### REQUIREMENT
Set down all of the data that follows word for word, without the images.

### SOURCE MATERIAL

/---

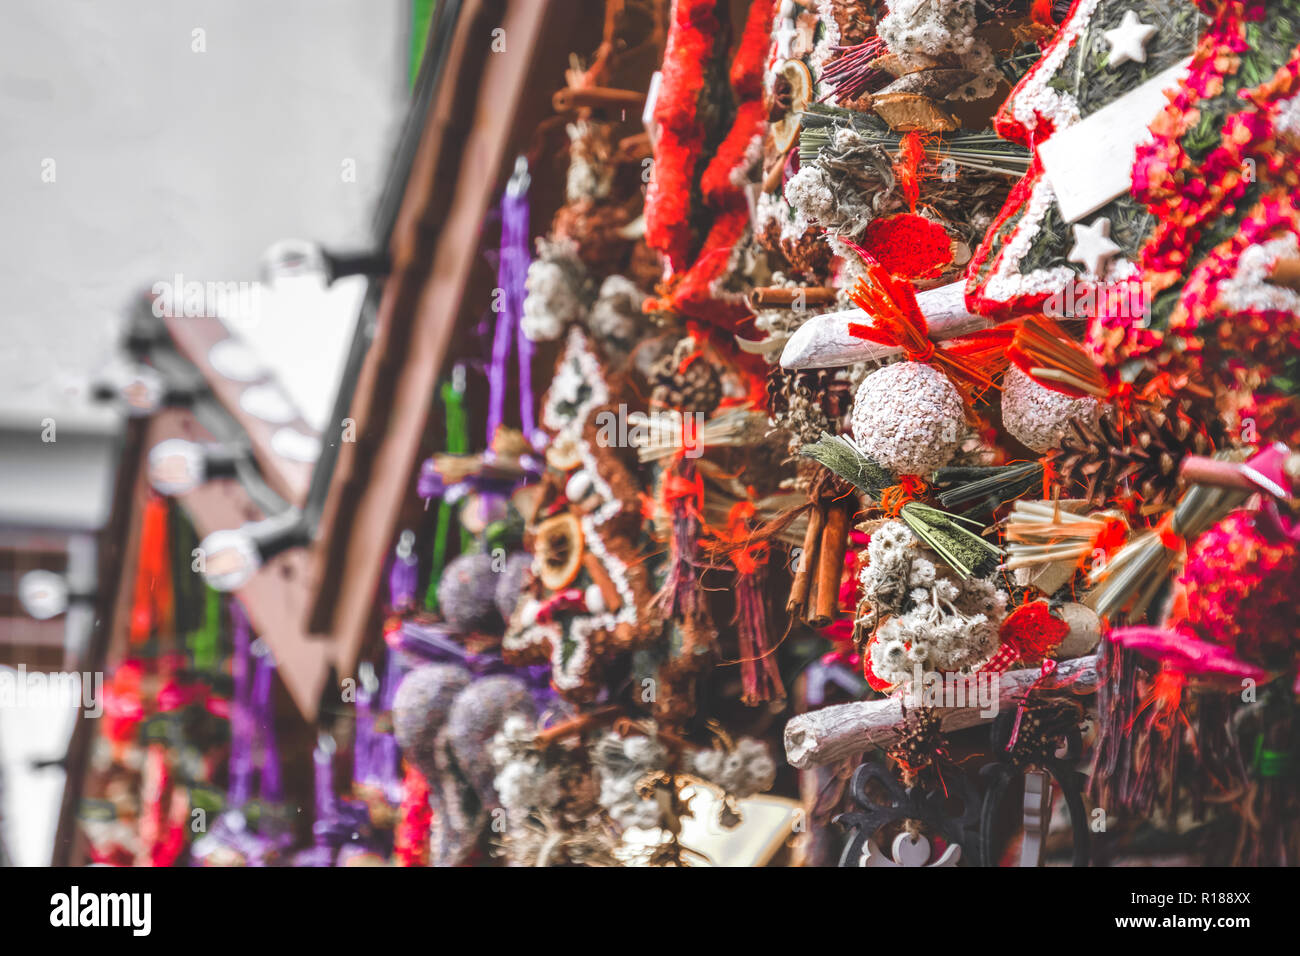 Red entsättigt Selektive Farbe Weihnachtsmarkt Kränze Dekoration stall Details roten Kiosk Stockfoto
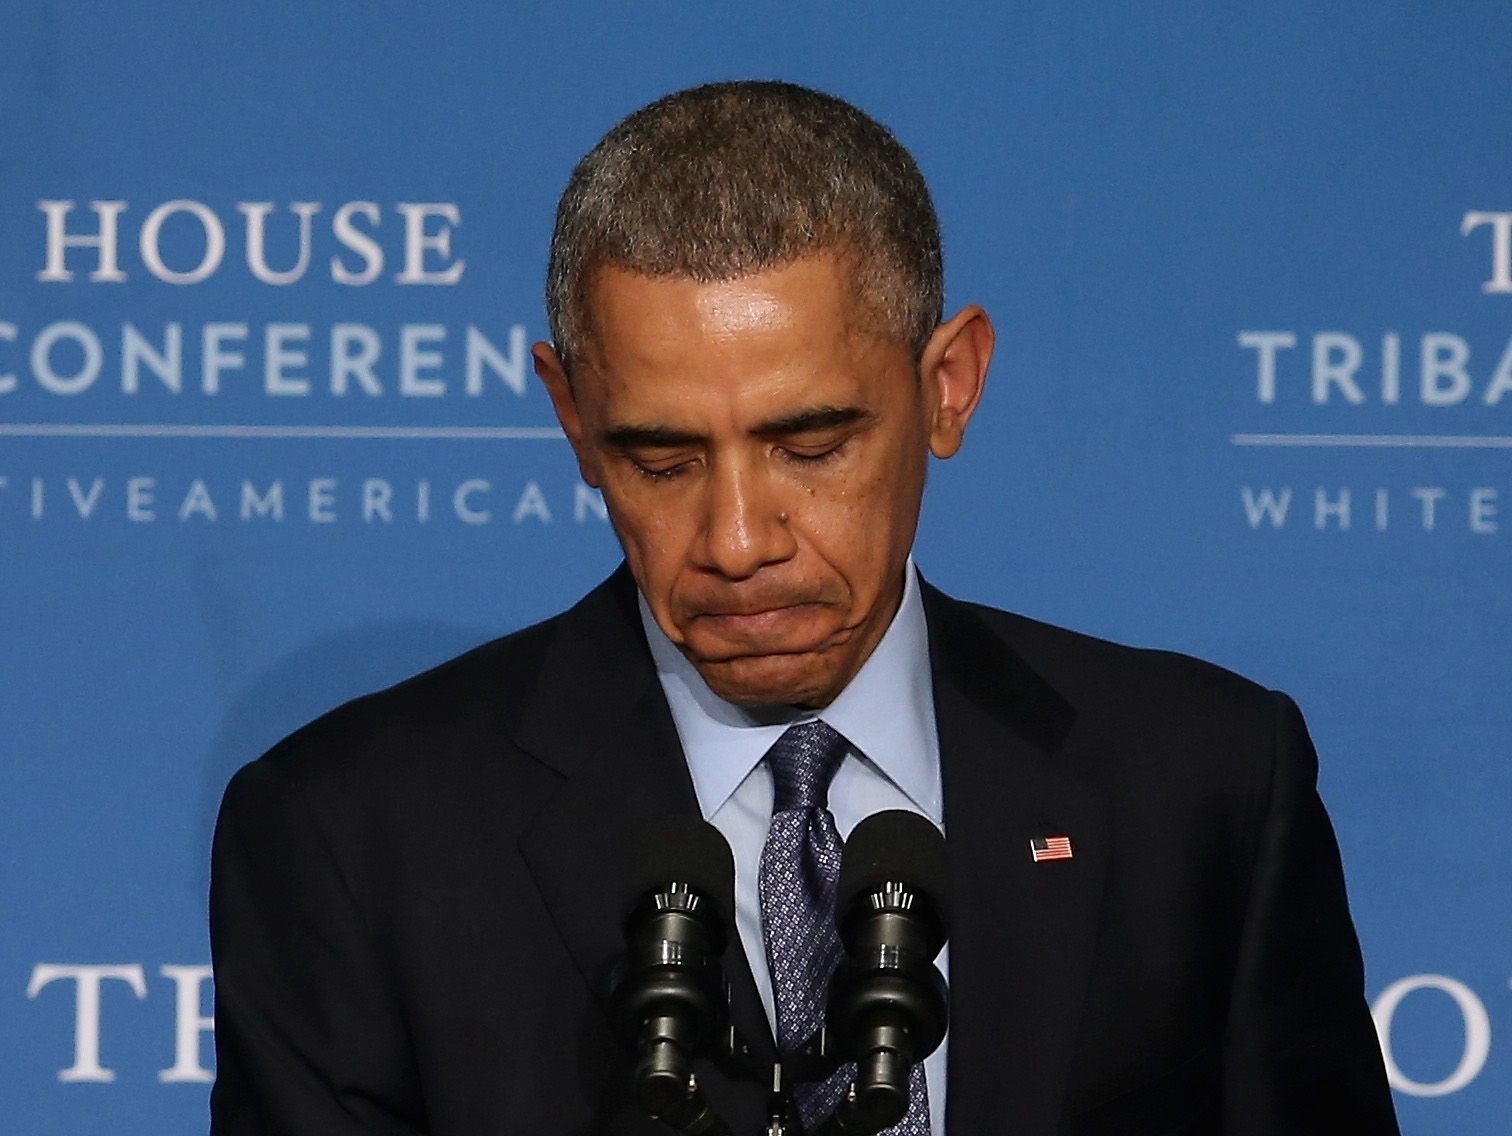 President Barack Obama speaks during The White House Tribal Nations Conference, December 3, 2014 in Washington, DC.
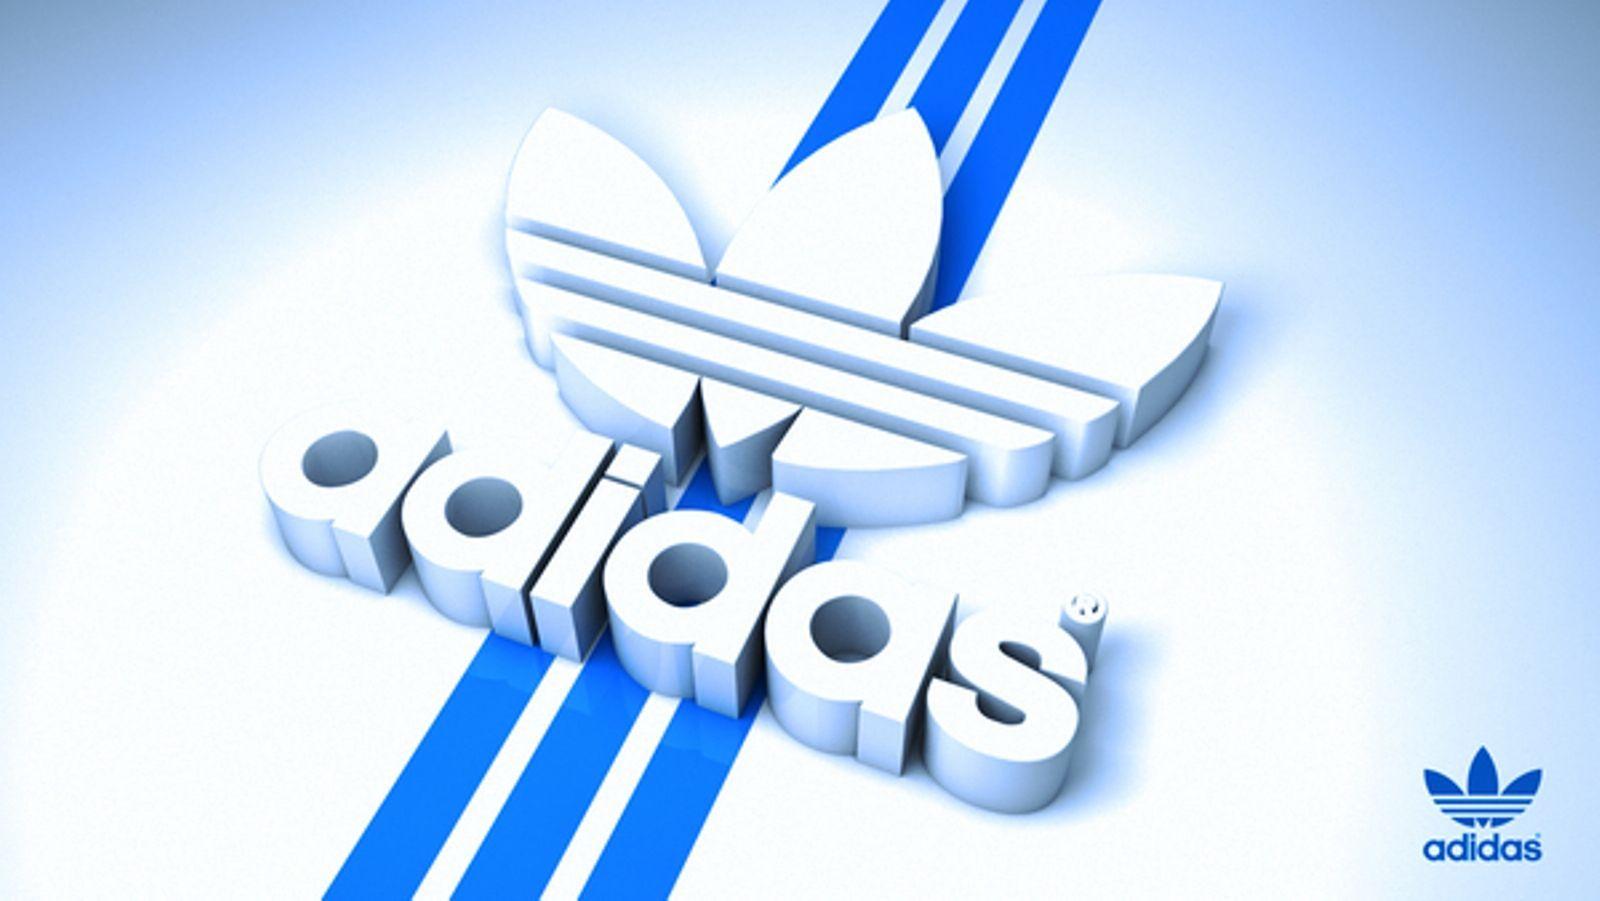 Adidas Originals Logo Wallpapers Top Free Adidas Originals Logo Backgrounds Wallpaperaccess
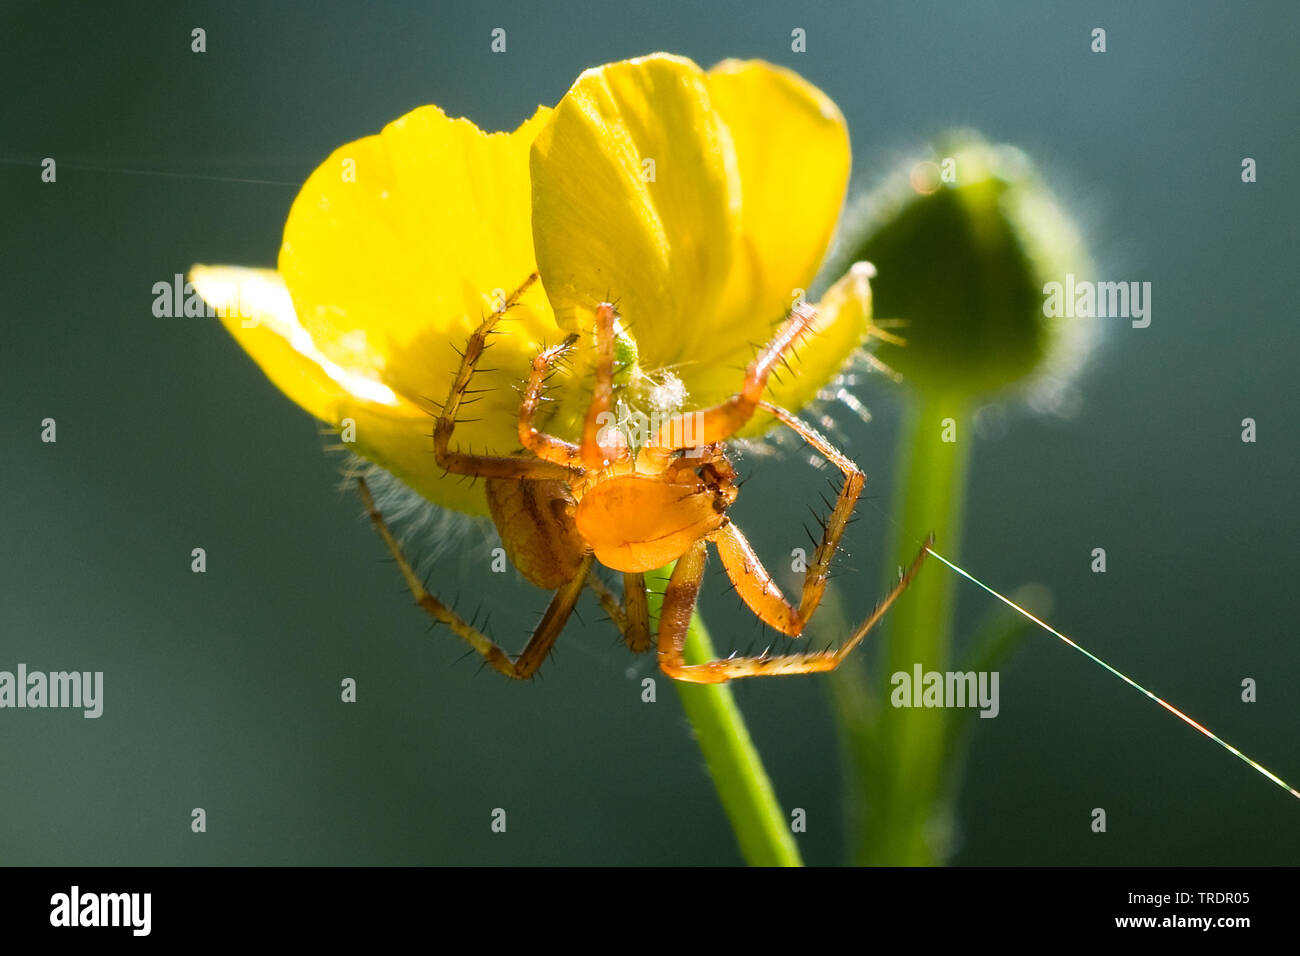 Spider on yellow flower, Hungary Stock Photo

\---

### PROBLEM SOLUTION
 Red entsättigt Selektive Farbe Weihnachtsmarkt Kränze Dekoration stall Details roten Kiosk Stockfoto
 President Barack Obama speaks during The White House Tribal Nations Conference, December 3, 2014 in Washington, DC.
 Adidas Originals Logo Wallpapers Top Free Adidas Originals Logo Backgrounds Wallpaperaccess
 Spider on yellow flower, Hungary Stock Photo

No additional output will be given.